Mouse macrophages undergo ER stress and apoptosis upon free cholesterol loading (FCL). We recently generated iPLA₂β-null mice, and here we demonstrate that iPLA₂β-null macrophages have reduced sensitivity to FCL-induced apoptosis, although they and wild-type (WT) cells exhibit similar increases in the transcriptional regulator CHOP. iPLA ₂β-null macrophages are also less sensitive to apoptosis induced by the sarcoplasmic reticulum Ca²⁺-ATPase inhibitor thapsigargin and the scavenger receptor A ligand fucoidan, and restoring iPLA₂β expression with recombinant adenovirus increases apoptosis toward WT levels. WT and iPLA₂β-null macrophages incorporate [³H] arachidonic acid ([³H]AA]) into glycerophosphocholine lipids equally rapidly and exhibit identical zymosan-induced, cPLA₂β-catalyzed [³H]AA release.

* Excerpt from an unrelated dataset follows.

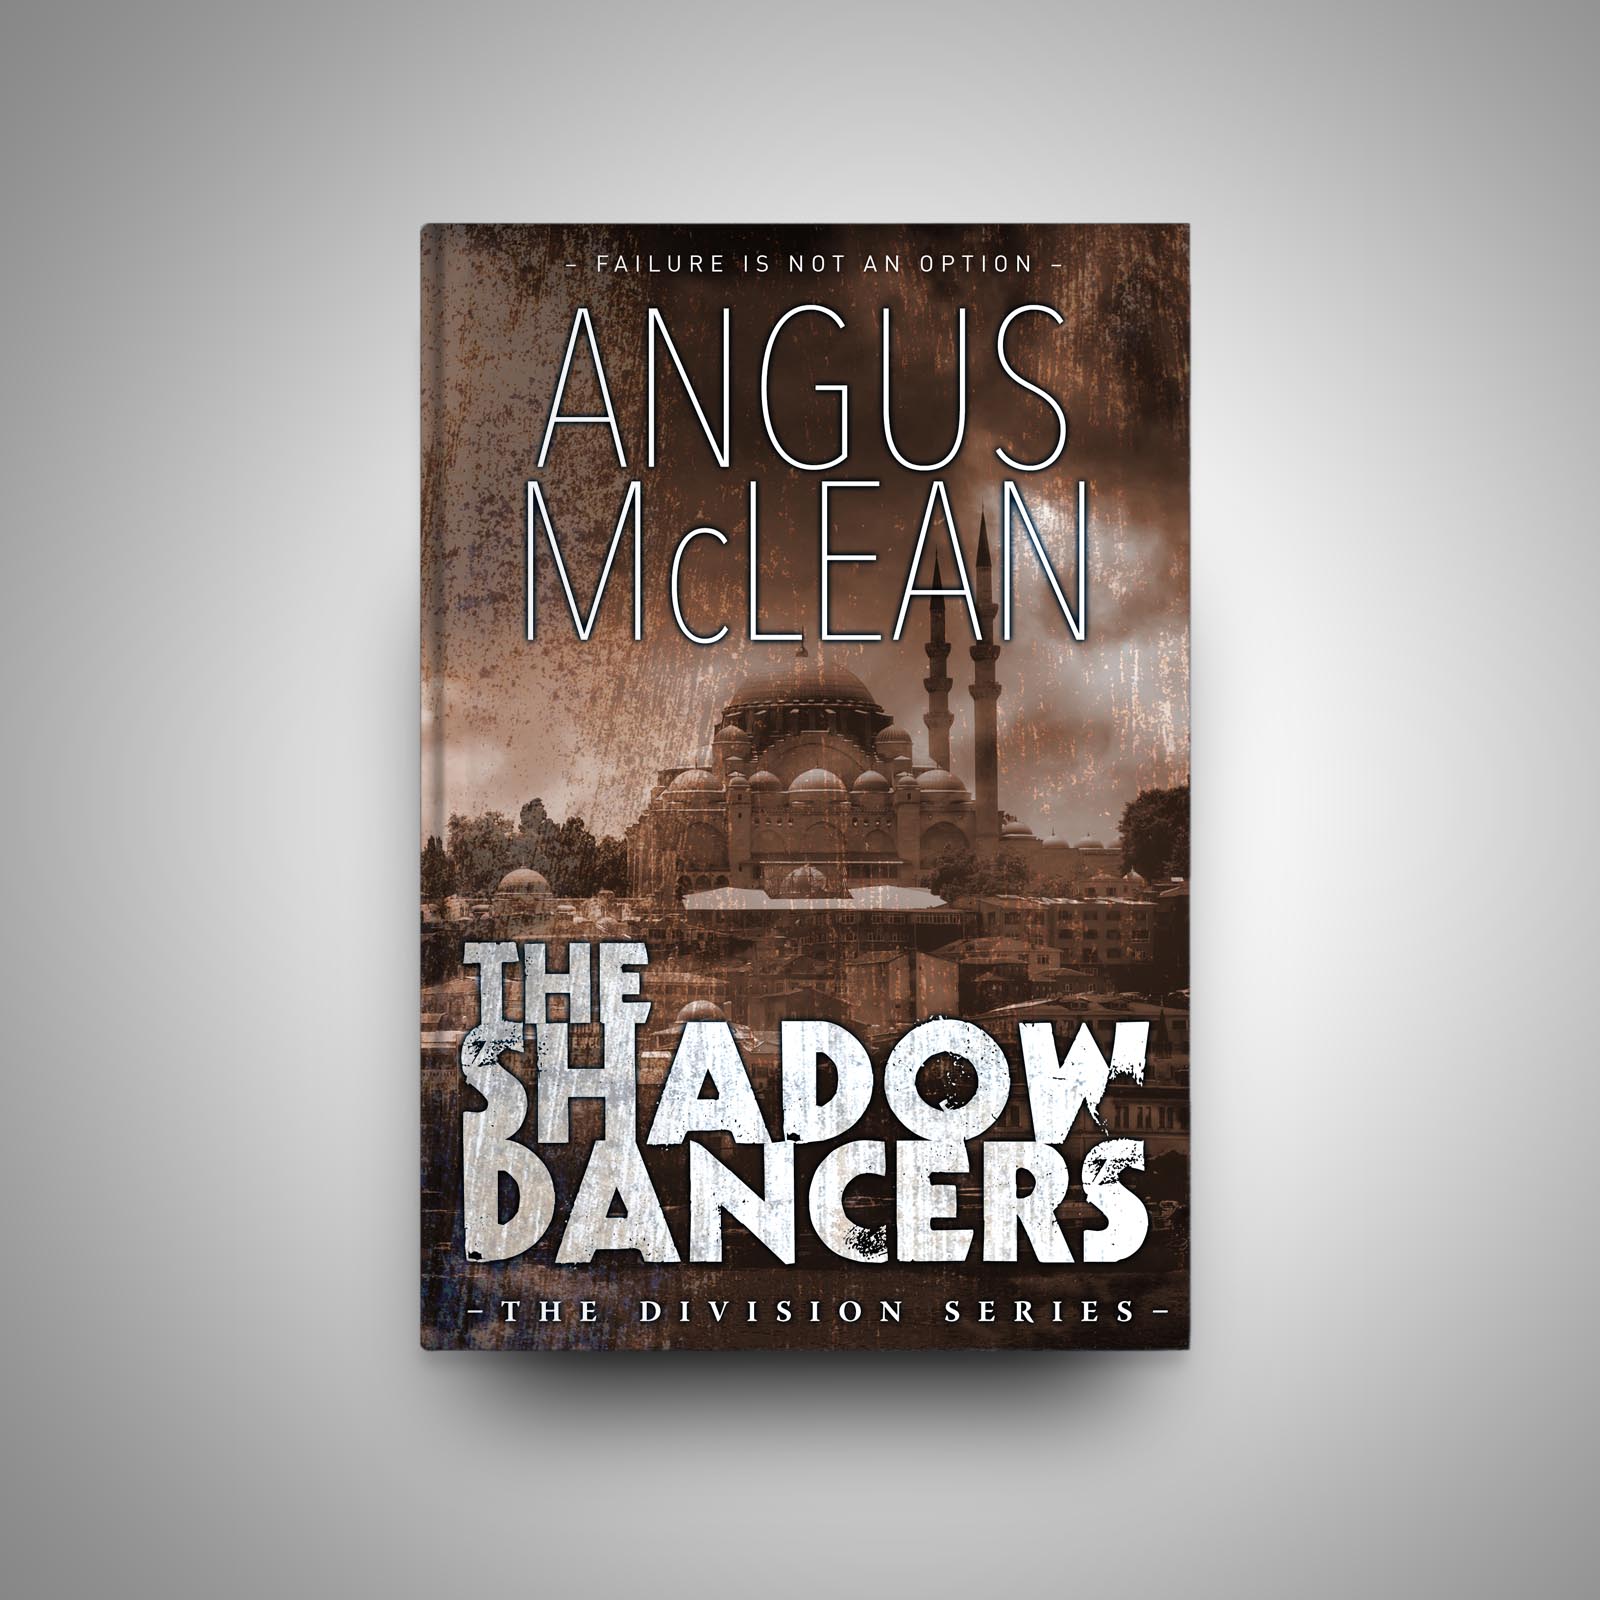 Angus McLean ebook download kindle The Division The Shadow Dancers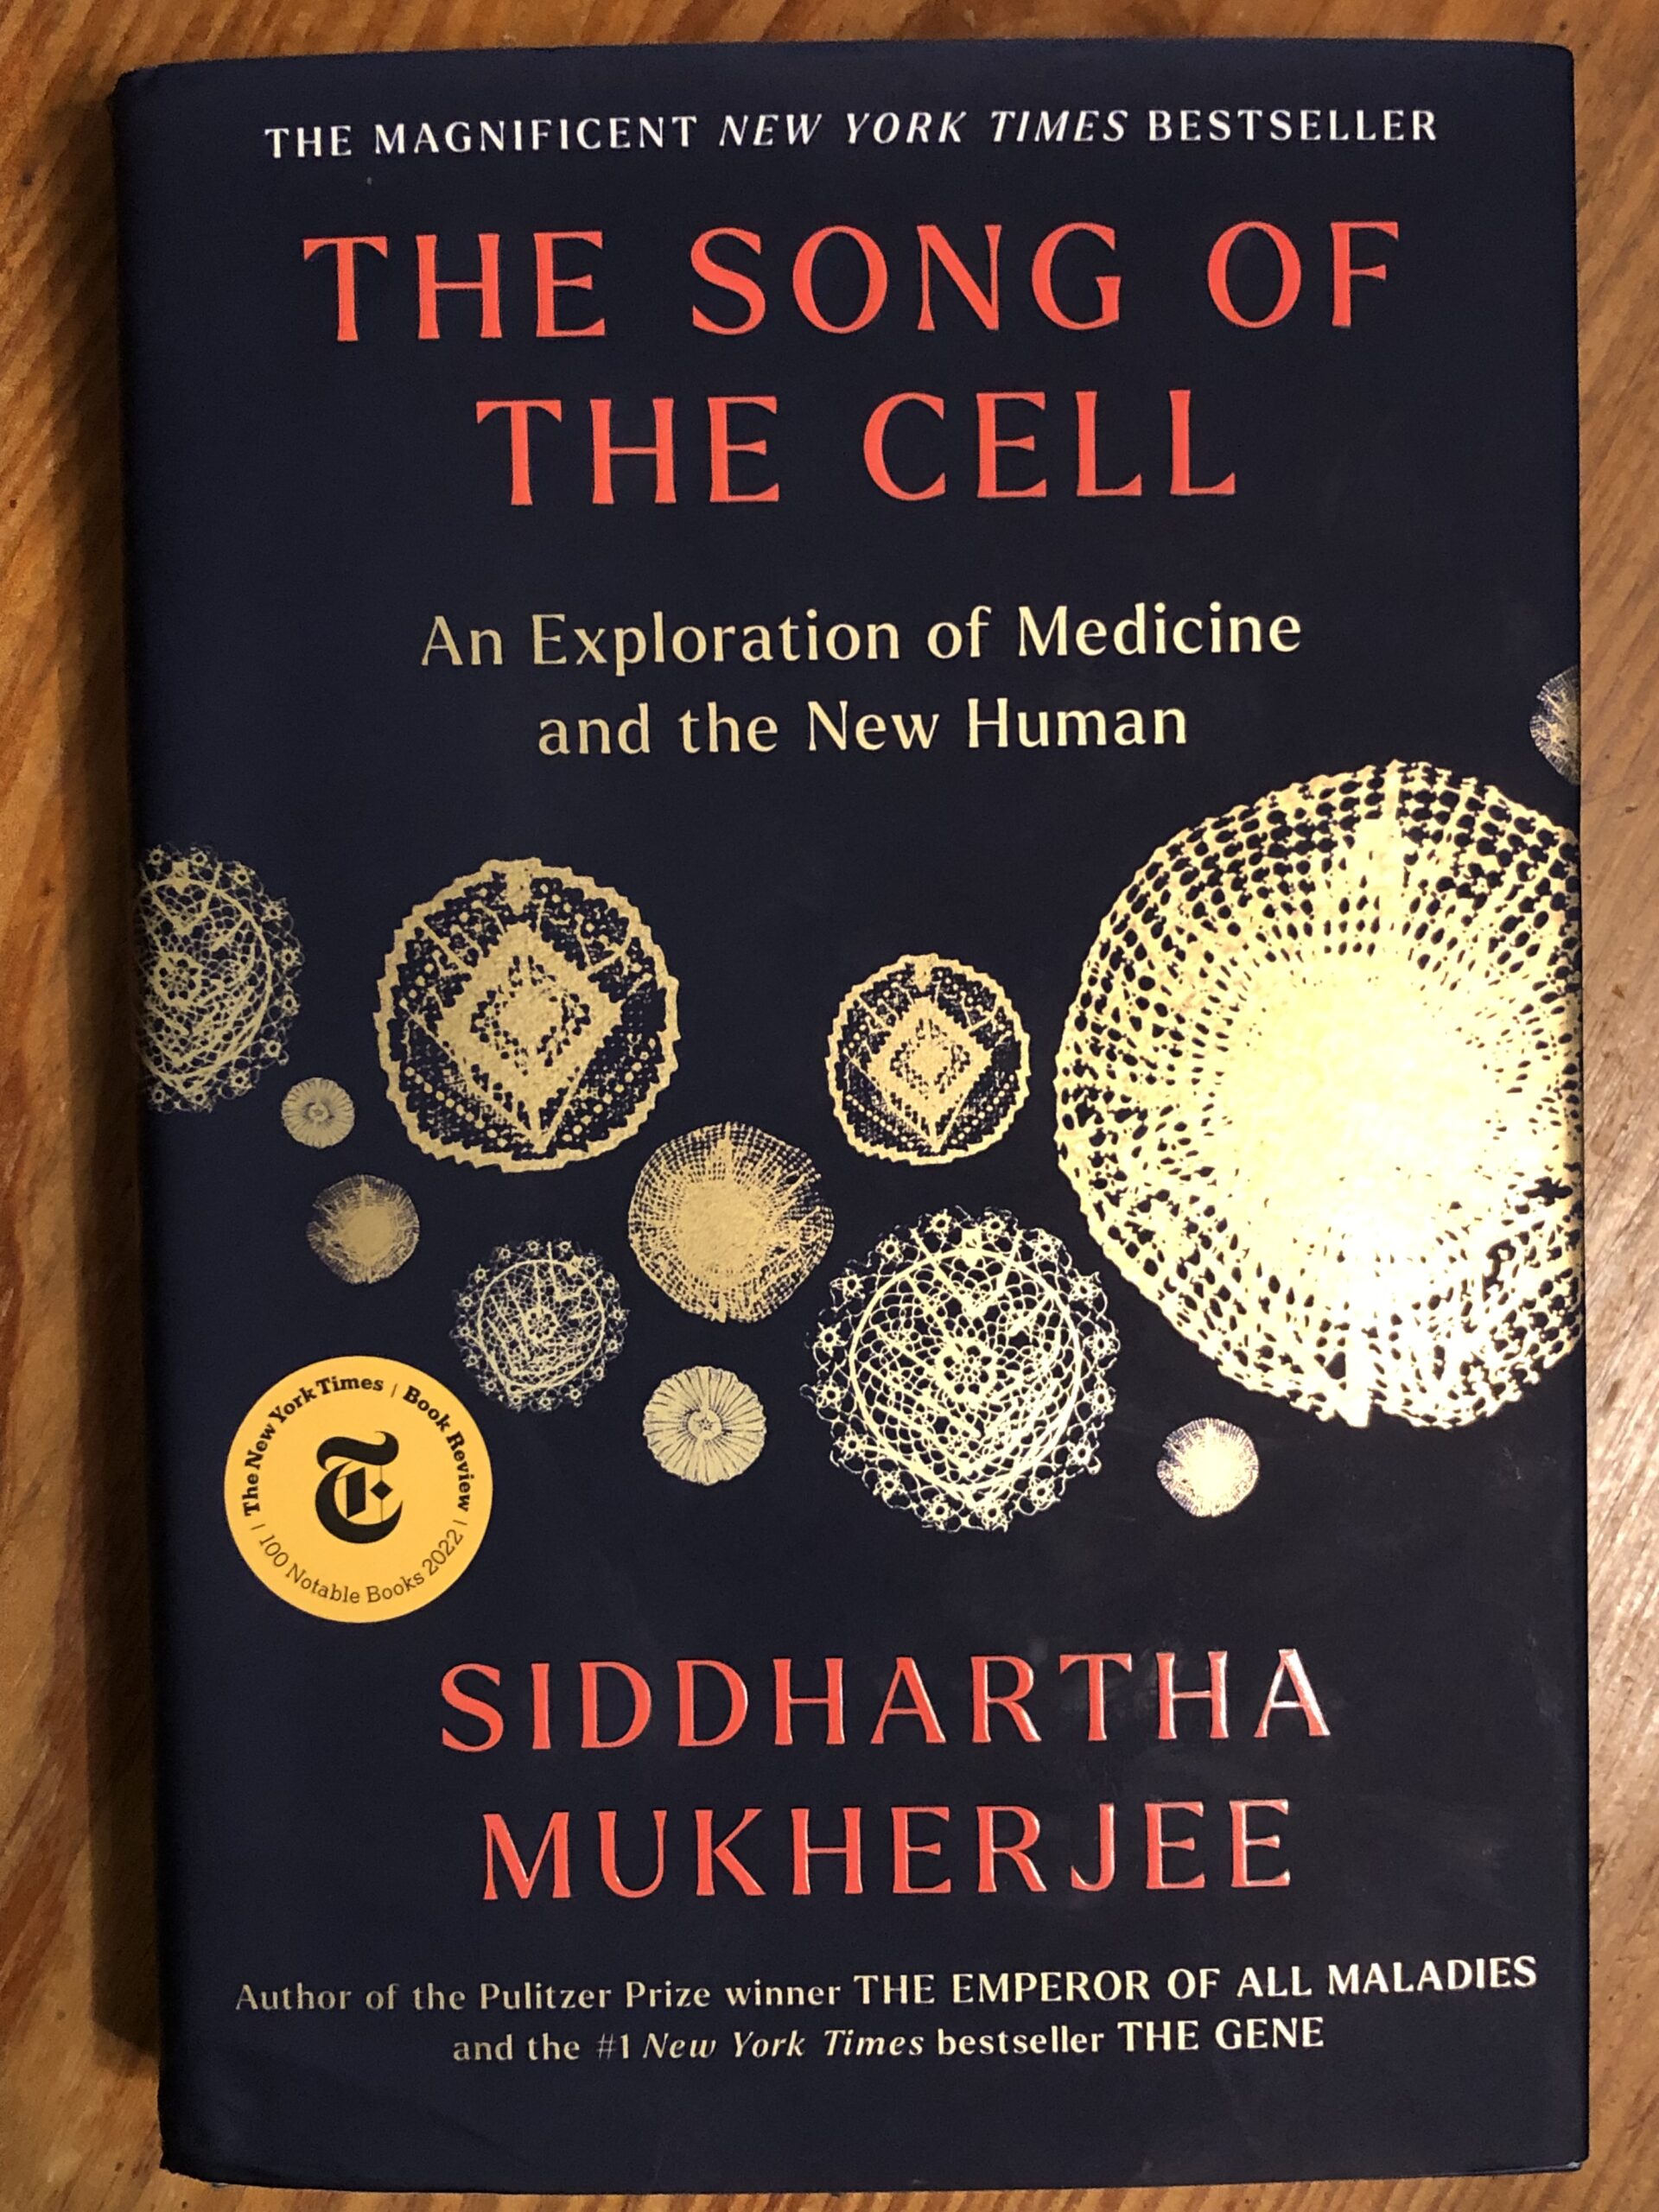 The cover of "The Song of the Cell"

In contrast, although WT macrophages exhibit robust [³H]AA release upon FCL, this is attenuated in iPLA ₂β-null macrophages and increases toward WT levels upon restoring iPLA₂β expression. Recent reports indicate that iPLA₂β modulates mitochondrial cytochrome c release, and we find that thapsigargin and fucoidan induce mitochondrial phospholipid loss and cytochrome c release into WT macrophage cytosol and that these events are blunted in iPLA₂β-null cells. Immunoblotting studies indicate that iPLA₂β associates with mitochondria in macrophages subjected to ER stress. AA incorporation into glycerophosphocholine lipids is unimpaired in iPLA₂β-null macrophages upon electrospray ionization-tandem mass spectrometry analyses, and their complex lipid composition is similar to WT cells. These findings suggest that iPLA ₂β participates in ER stress-induced macrophage apoptosis caused by FCL or thapsigargin but that deletion of iPLA₂β does not impair macrophage arachidonate incorporation or phospholipid composition.